This error in noise estimation tends to affect small spectral
regions of the output, and will result in short duration random
tones in the noise reduced signal. Even though these random noise
tones are often a low-energy signal compared to the total energy in
the speech signal, the random tone noise tends to be very
irritating to listen due to psycho-acoustic effects.

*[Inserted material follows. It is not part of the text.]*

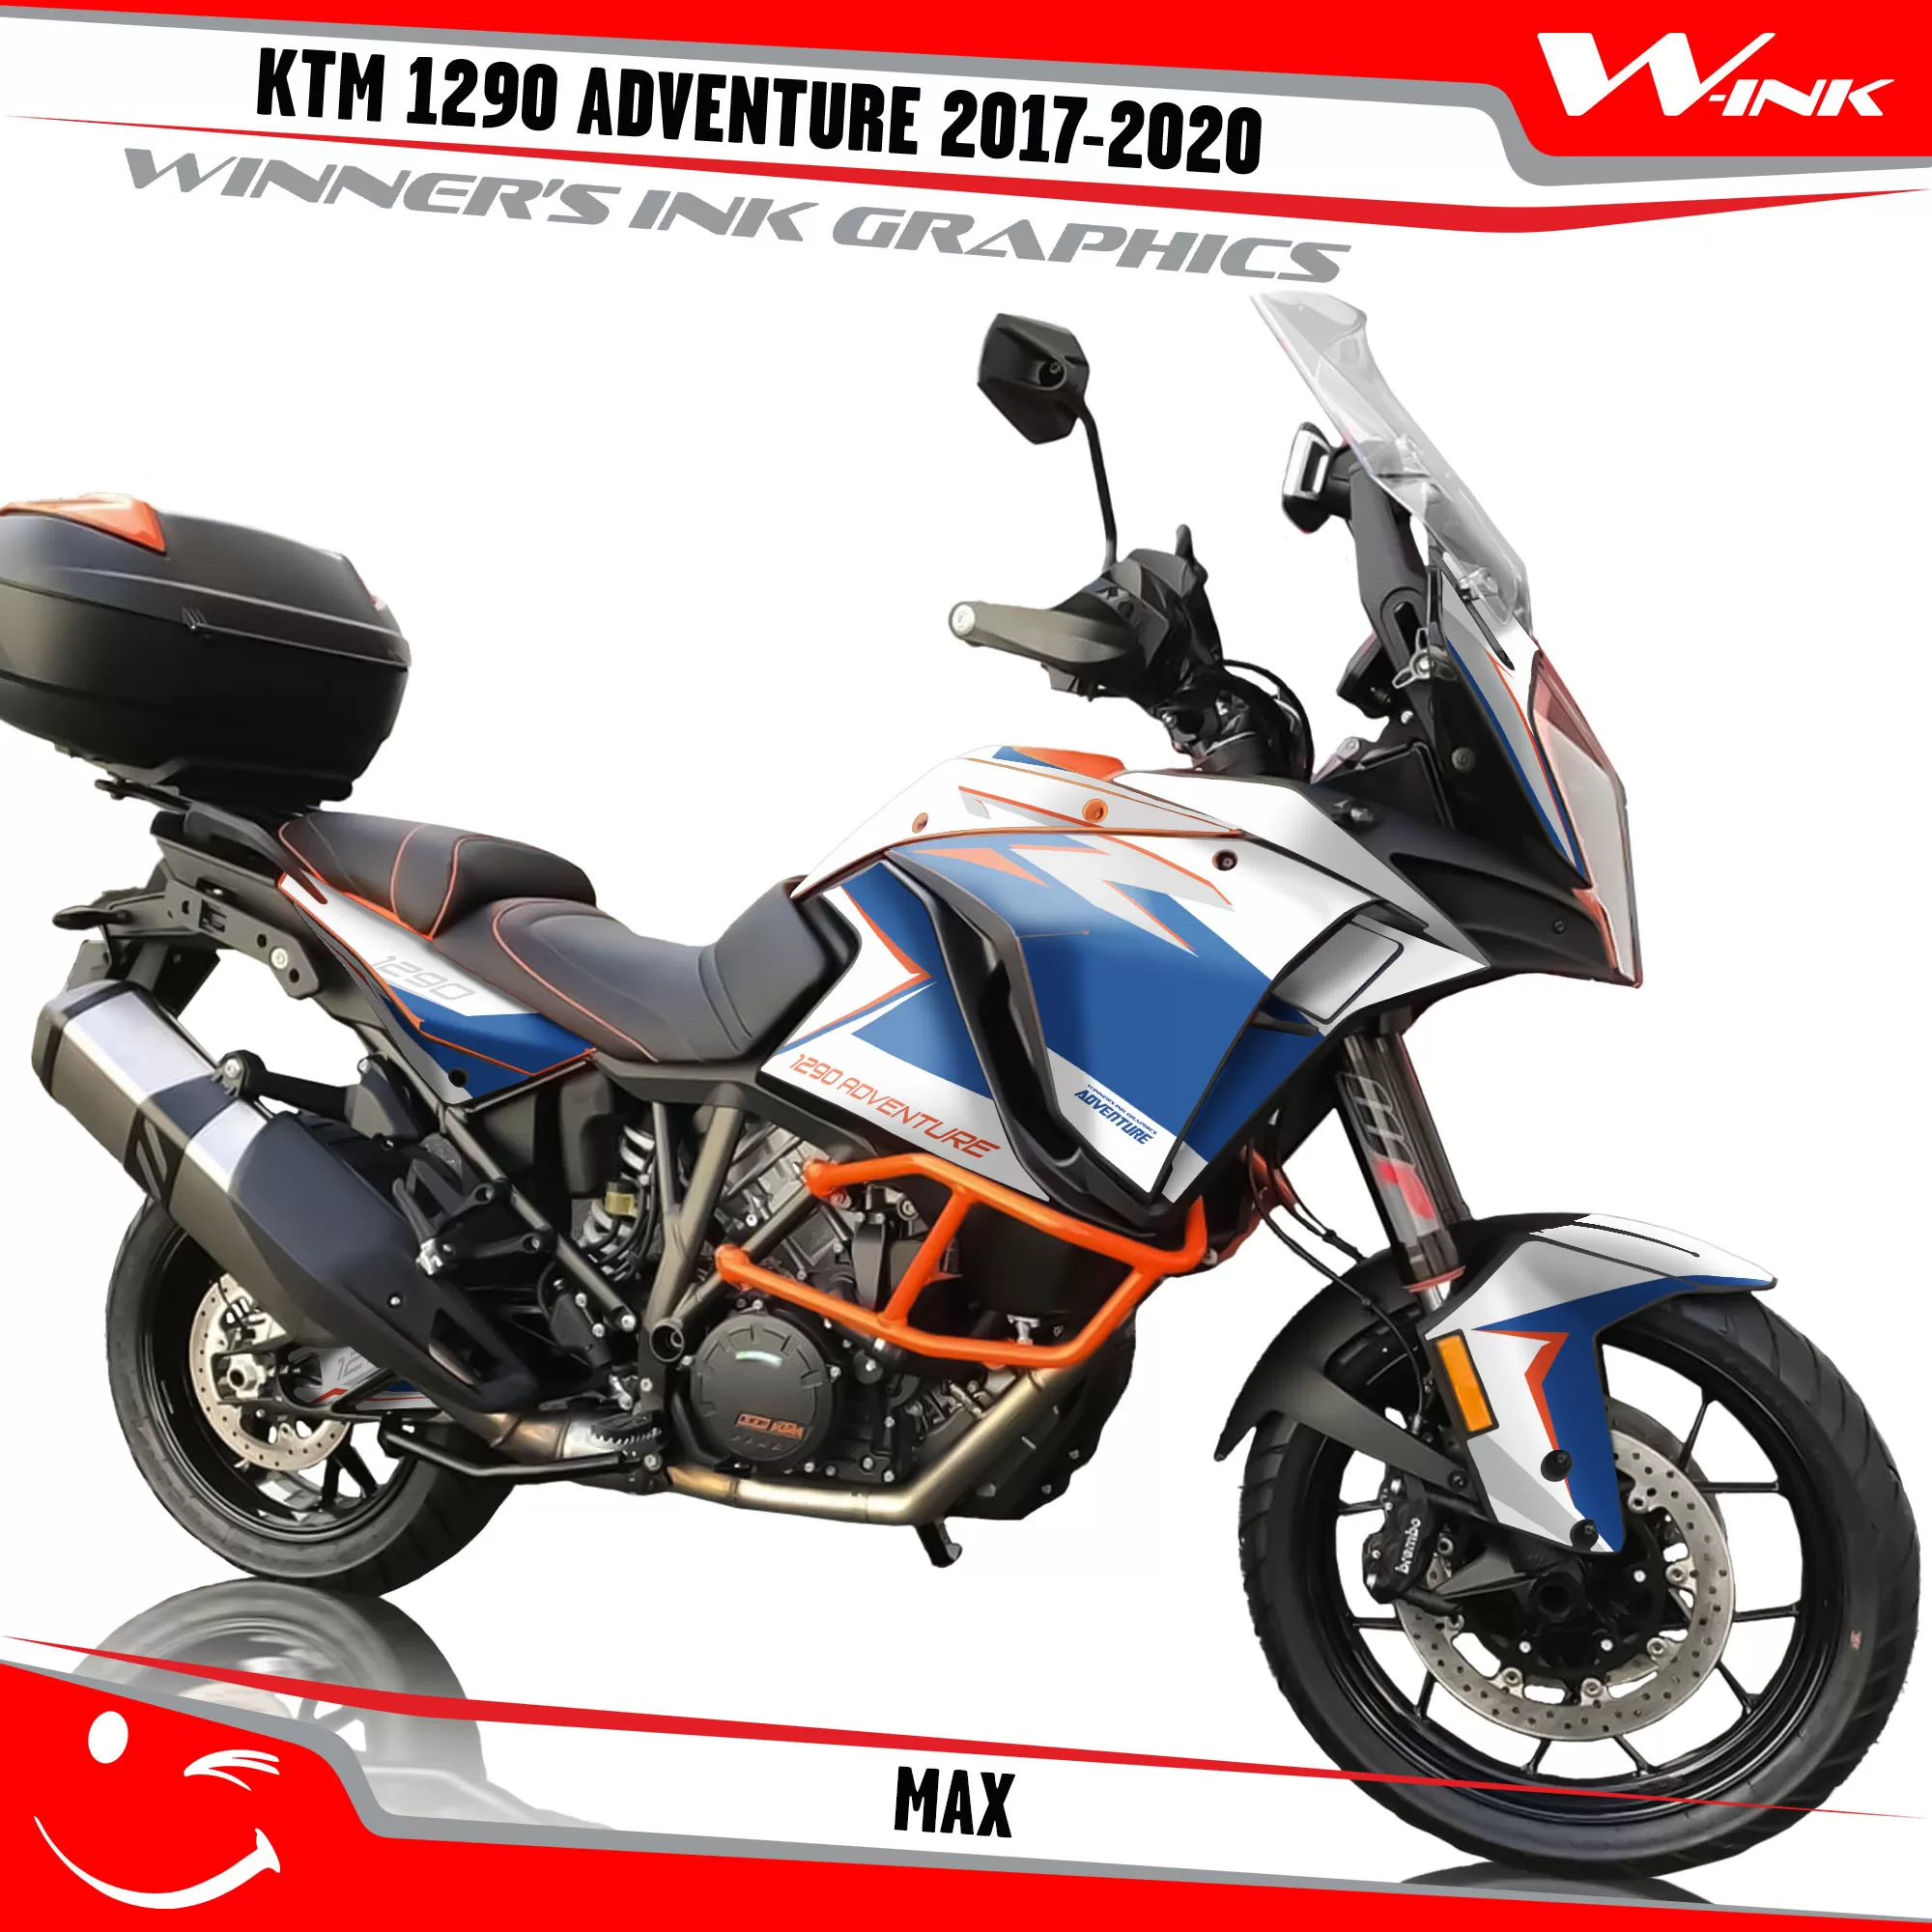 KTM-Adventure-1290-2017-2018-2019-2020-graphics-kit-and-decals-Max
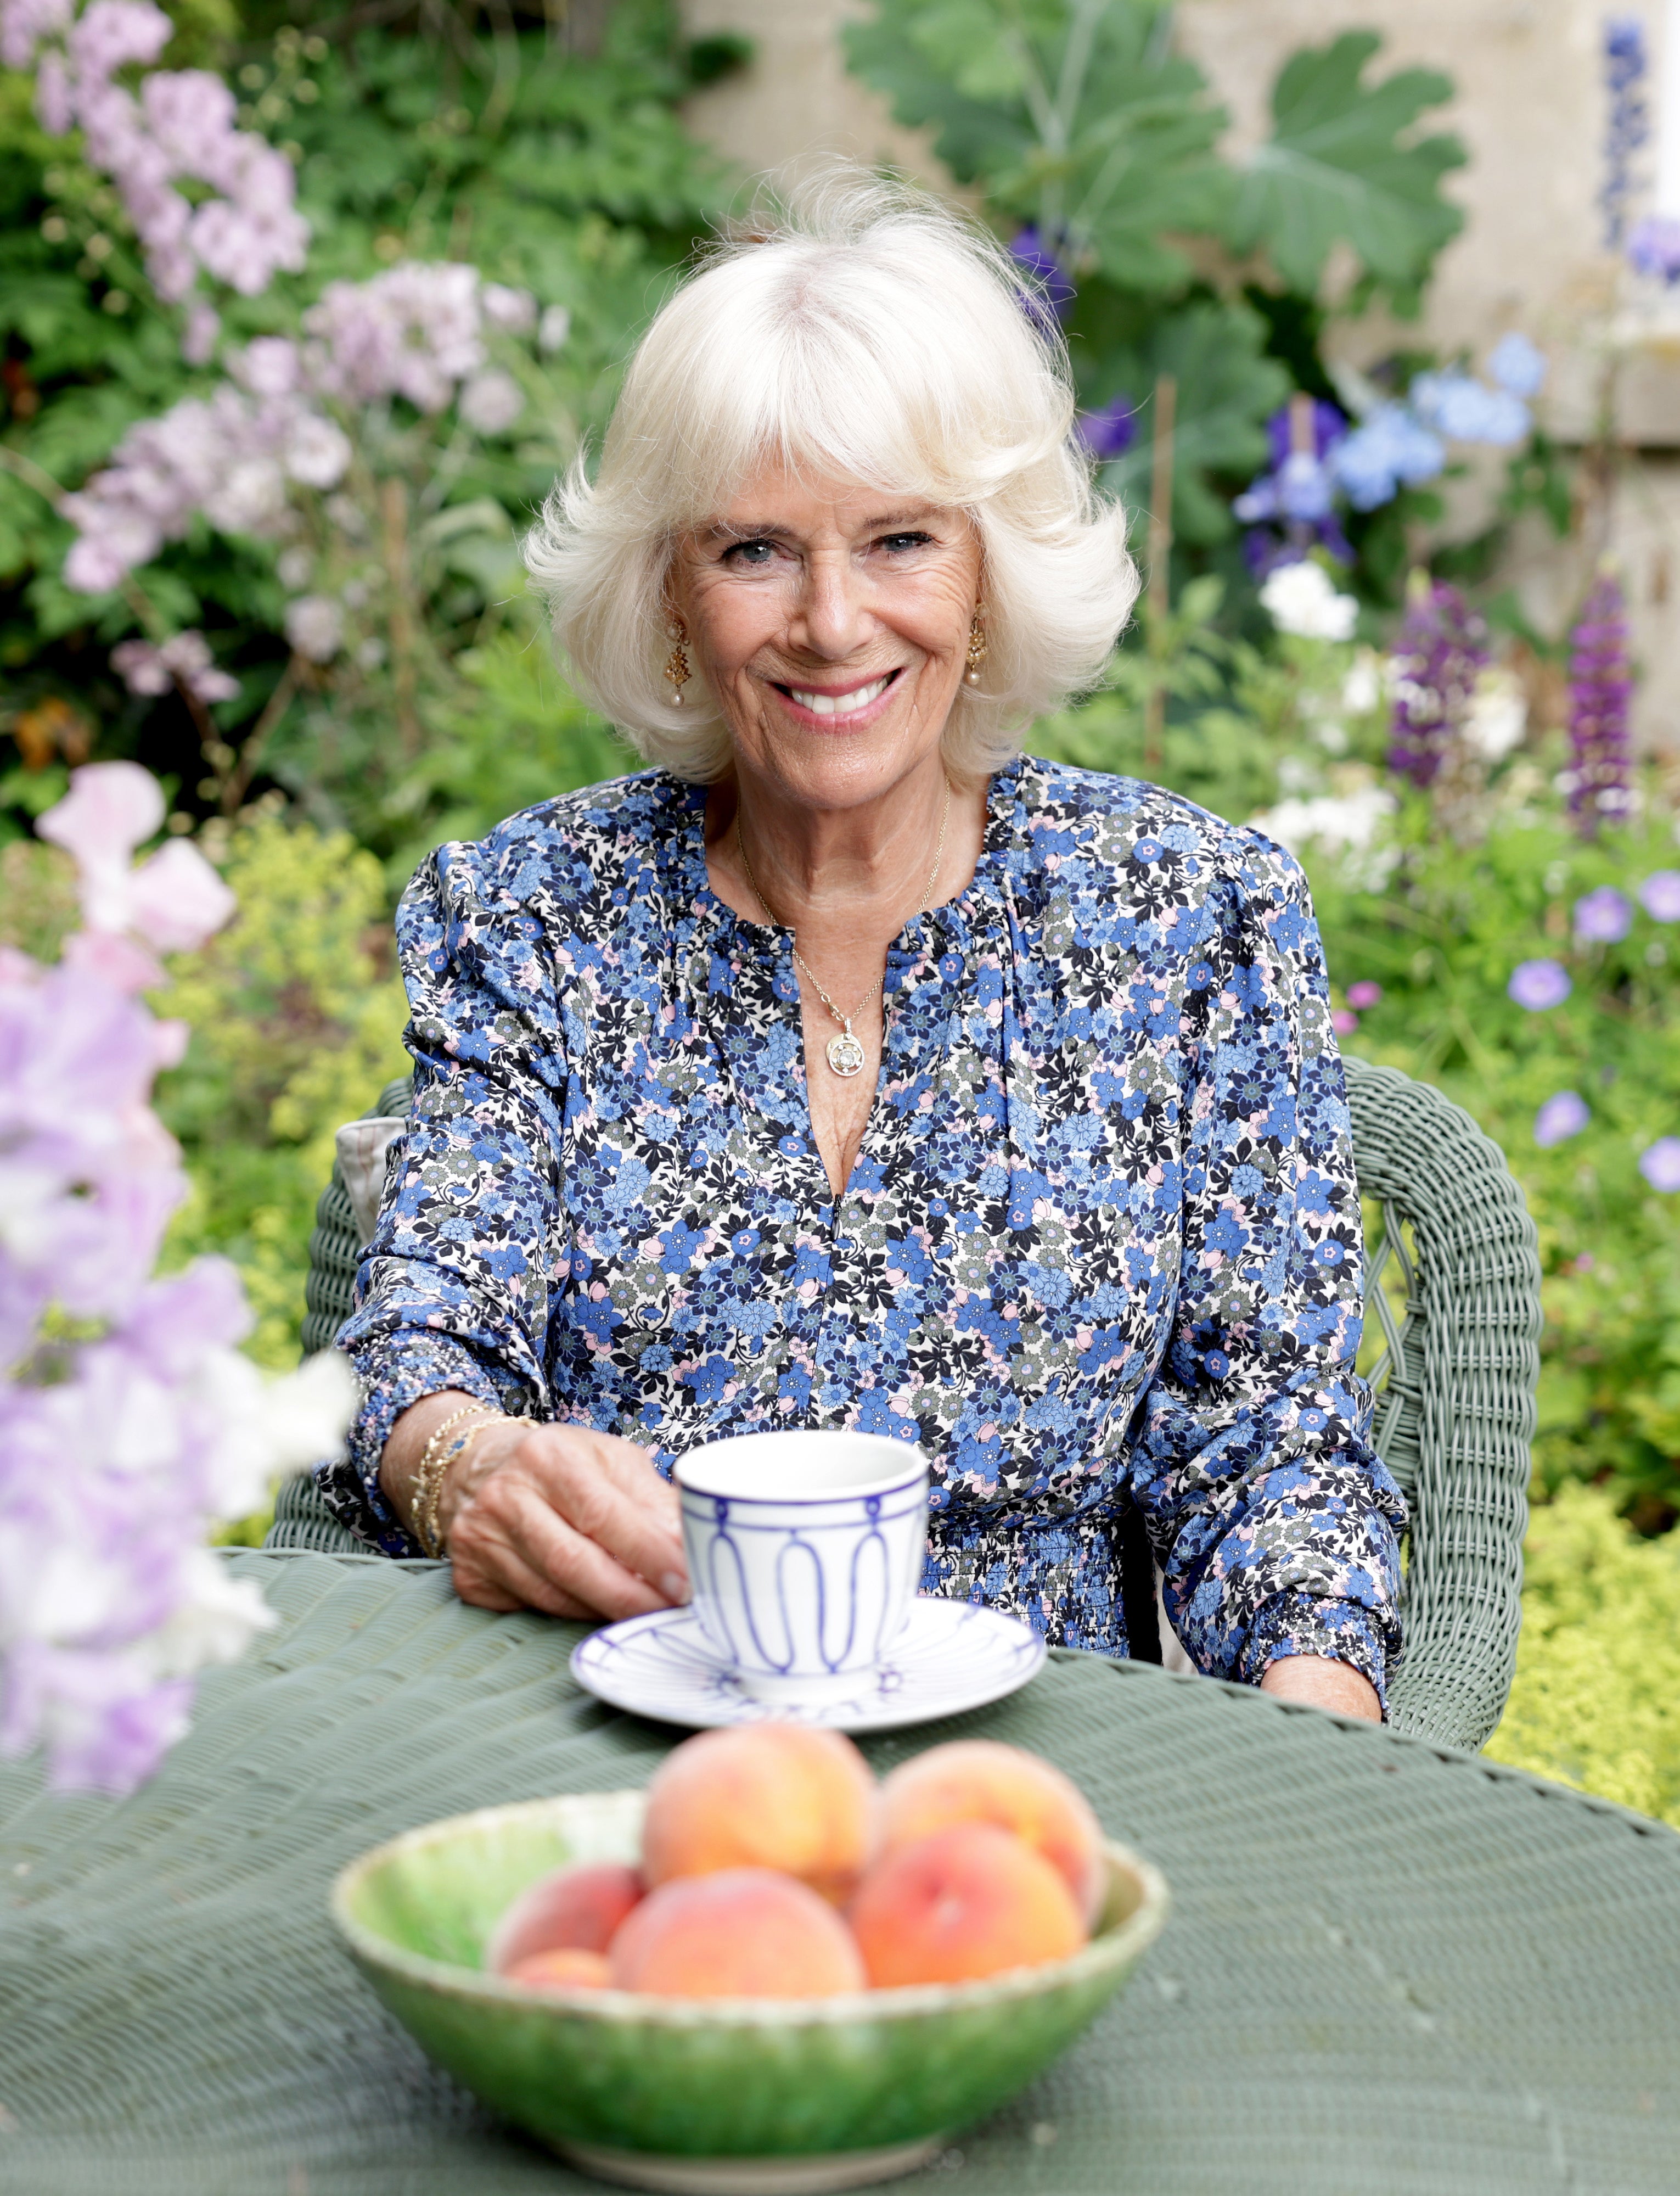 The Duchess of Cornwall poses at her home in Wiltshire for an official portrait to mark her 75th birthday (Chris Jackson/Clarence House/PA)

The object of the invention is to provide a method which enables
noise reduction in a speech signal, and which avoids the
above-mentioned drawbacks of the prior art.
SUMMARY OF THE INVENTION
The invention is based on the circumstance that a model-based
representation describing the quasi-stationary part of the speech
signal can be generated on the basis of a third spectrum, which is
generated by spectral subtraction of a first spectrum generated on
the basis of a speech signal and a second spectrum generated as an
estimate of the noise power spectrum. The spectral subtraction
enables the use of model-based representation for speech signals
including noise, and the model-based representation of the
quasi-stationary part of the speech signal enables an improved
noise reduction compared to methods of prior art, as it enables use
of a prior knowledge of speech signals.
This unconventional use of a combination of both traditional and
model-based methods of noise reduction in a speech signal is
advantageous, as it permits smooth manipulation of the speech
signal in order to obtain improved noise reduction without
artefacts.
As the model based representation is generated dynamically, i.e.,
on the fly, movements of the formants in the third spectrum will
not affect the quality of the noise reduction, and the method
according to the invention is therefore advantageous compared to
methods of the prior art.
Preferably, the model-based representation can include parameters
describing one or more formants in the third spectrum. This is
advantageous as the formants, i.e., peaks in the signal spectrum,
which are related to the speech, in a the third spectrum contains
essential features of the speech signal, and as it is possible to
manipulate the formants by using the parameters, and hereby to
manipulate the resulting speech signal.
The parameters preferably reflect the resonance frequency, the
bandwidth, and the gain at the resonance frequency of the formants
in the third spectrum.
In a preferred embodiment, the manipulation can include spectral
gaining, which is based on a structure parameters reflecting
structure in the spectrum. Spectral gaining attenuates relatively
broad fox wants since these cause unwanted artefacts. This method
is based on the fact that man-made speech produces narrow formats
in the absence of noise.
The structure parameter S can be preferably given by S=B*G, where B
is the bandwidth ratio of the formants in the third spectrum, and G
is the gain ratio of the formants in the third spectrum.
Noise reduction is preferably performed in said second signal. This
is advantageous as noise will also be present in the second signal,
and a noise reduction in this signal will therefore result in a
noise reduction in the resulting signal.
The second signal can correspond to the speech signal. This is
advantageous in some cases, e.g., when the signal/noise ratio
approximately equals 0 dB.
The second signal can represent the residual signal, i.e., the
non-stationary part of the speech signal such as information
reflecting the articulation. This is advantageous in some cases,
e.g., when the signal/noise ratio approximately equals 6 dB.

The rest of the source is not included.